Researchers are eagerly awaiting results from a randomized clinical trial evaluating T-VEC combined with the anti-PD-1 antibody pembrolizumab compared to placebo in patients with unresectable melanoma (KEYNOTE-034, NCT02263508).
While oncolytic viruses are carefully engineered to be safe in humans, some researchers point out the continued need to consider their safety, particularly in elderly and immunocompromised patients. At least one study has found that patients with chronic inflammation may not respond as well to oncolytic viral therapy as those with low levels of chronic immune activation, suggesting a need for careful patient selection (Mol Ther 2016;24(1):175-183).

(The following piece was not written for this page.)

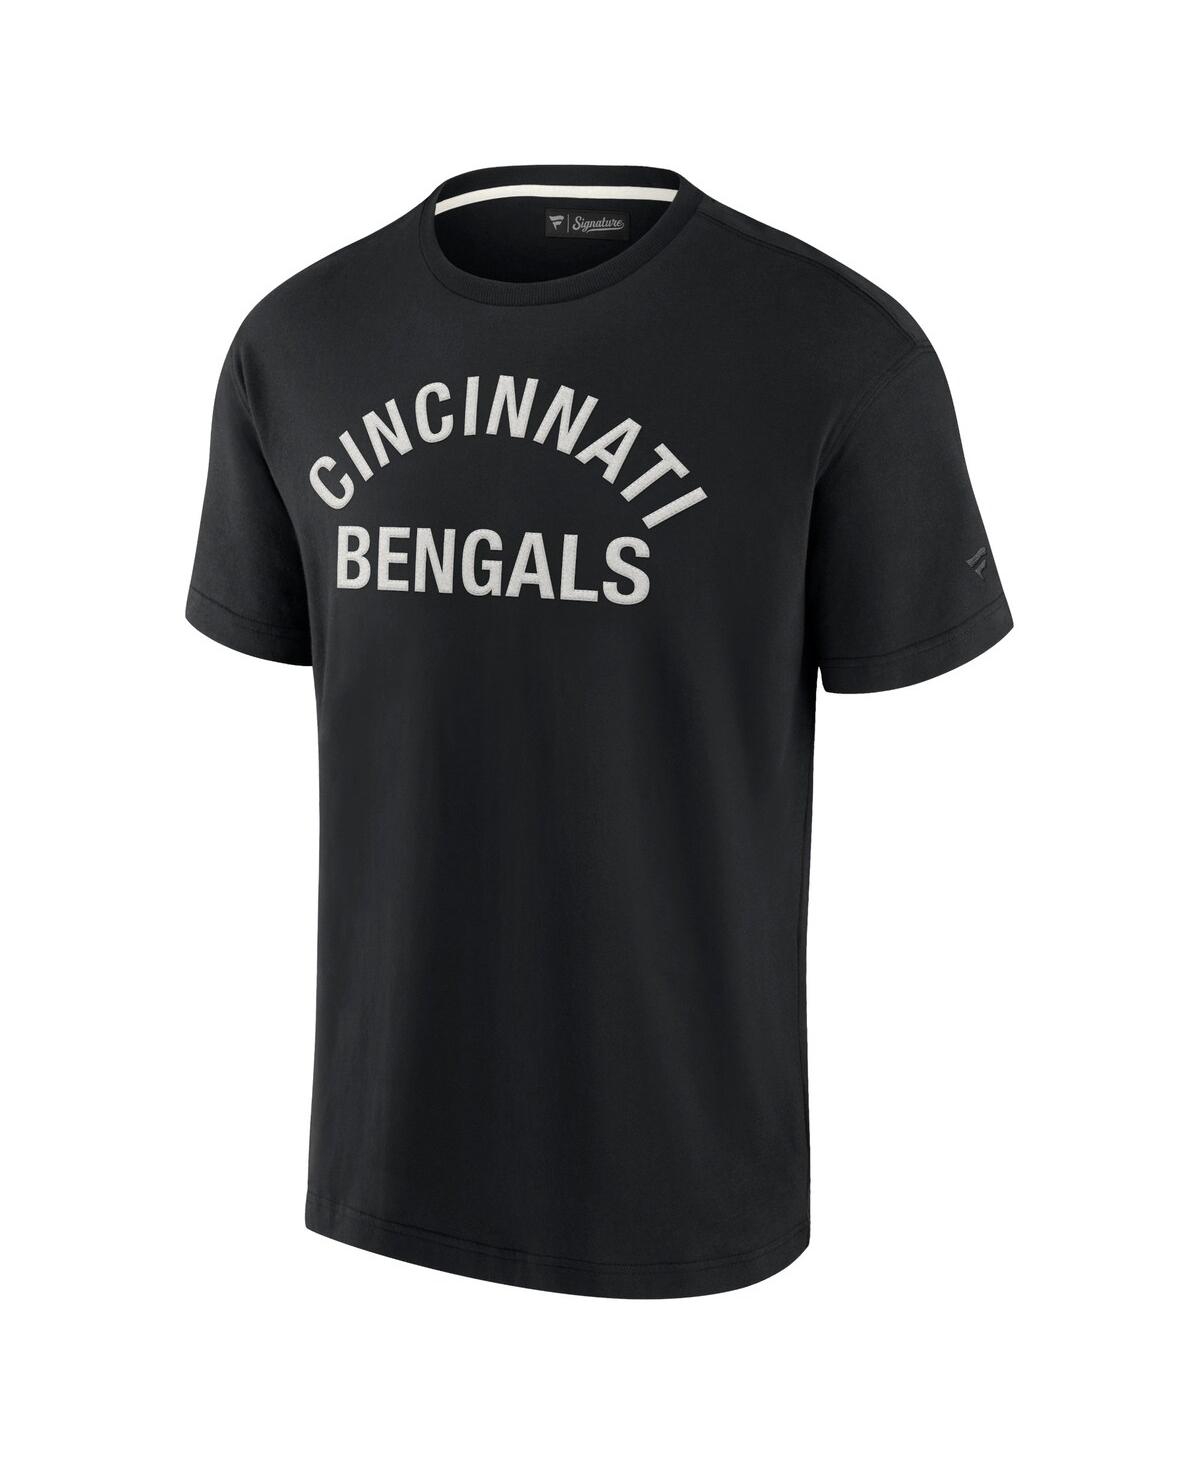 Shop Fanatics Signature Men's And Women's  Black Cincinnati Bengals Super Soft Short Sleeve T-shirt

Another challenge concerns dosing strategies, and whether oncolytic viruses can be dosed high enough to be clinically useful.
“This is one of the challenges of the field. Cancers hide in different places and getting the virus to different cancers can vary from straight forward to very hard depending on the cancer,” McFadden said.
Perhaps one of the biggest challenges concerns solid tumors. So far, viral therapy has shown only limited efficacy against solid tumors. Several hurdles lie in the way, including physical barriers, tumor heterogeneity, impaired viral infiltration, and poor tumor vasculature (Mol Ther Oncolytics 2019;15:234-247). Route of administration is also an issue—about 80 percent of solid tumors cannot be reached by direct intertumoral injection. IV administration has the potential to reach primary as well as metastatic cancers, but the host immune response may pose a major obstacle to systemic administration (Front Immunol 2018;9:866).
“One of the biggest challenges of the next several years is whether any of the viruses that are being developed can be used for systemic administration. That's the million dollar question that can only be answered with clinical trials,” McFadden concluded.
Veronica Hackethal is a contributing writer.